Duke opened and shut his mouth a few times. "Because . . . we were fighting. I didn't know I was troubled, then, we were just beating on each other — I'm not violent, but he threw the first punch."

"Okay."

"He — he was pissed. He wouldn't stop coming at me. And I guess his trouble activated and when his blood hit me mine did, and — and he was coming at me. So I threw him."

"So it was self-defense."

"No." Duke shook his head. "Yes? I don't know. I guess."

"Is this the only time that's happened?"

"No. I threw a woman into the wall of my diner. She was cut and I was trying to give her first aid, and when her blood hit me, I backed off. She came to check on me and I just — reacted."

"You backed off, and she came at you."

"To check on me."

"Fight or flight responses don't really care about the other person's intentions, Duke," Claire said. "It sounds like your trouble activates that response. You backed off first — flight — and then when she followed, you threw her off. Fight."

Duke didn't like how much sense that made. "It makes me happy, though. I get, like, a thrill out of it."

"Adrenaline can have that effect," Claire said. "And I imagine with the added physical strength, there's a lot of endorphins involved, too. We're giant sacks of chemical-soaked meat, Duke. Hormones are going to affect us, whether we want them to or not."

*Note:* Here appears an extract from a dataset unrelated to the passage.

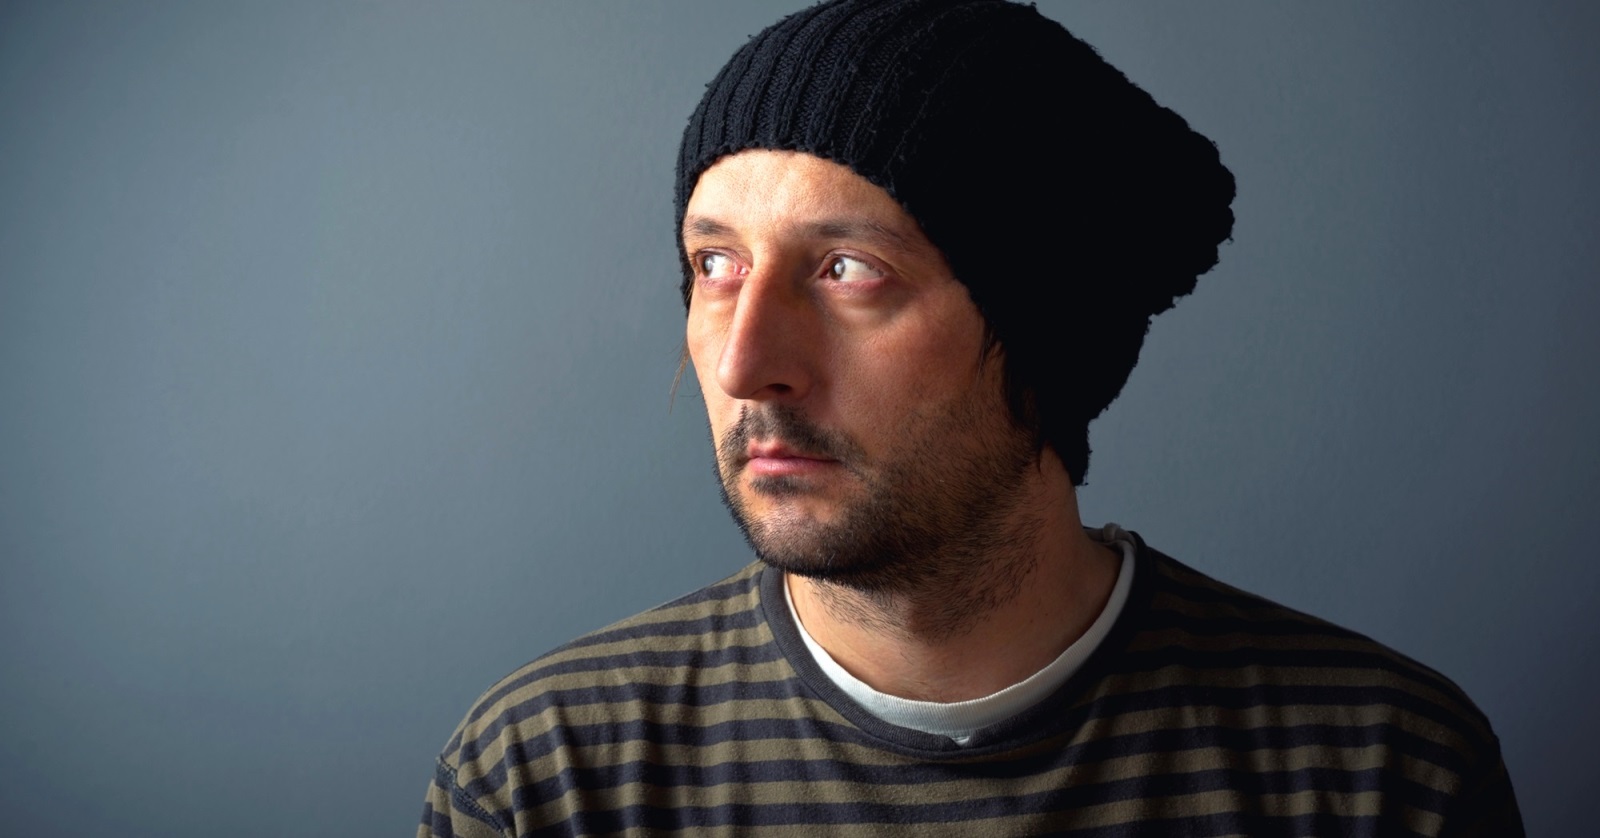 A man wearing a black knit beanie and a striped shirt looks off to the side against a gray background. He has a slight beard and appears thoughtful or contemplative.

"That's possibly the most horrifying thing I've ever heard anyone say."

"Thank you." He could hear her smiling again. "Is that when you decided to get help? When you threw that woman into the wall while trying to give her first aid?"

Duke grimaced. "Um. No. That was around Halloween last year."

Claire made a noncommittal humming sound. "What changed, then? What was your tipping point?"

"My girlfriend." Duke swallowed. Seeing Octavia's bloody smile again. Her reaching for his face. "She's — she doesn't have a trouble, but mine doesn't seem to know the difference."

"How do you know she's not troubled?"

Duke huffed. "Right, so. This is the other part of why I came to you instead of finding someone local. She's from another universe."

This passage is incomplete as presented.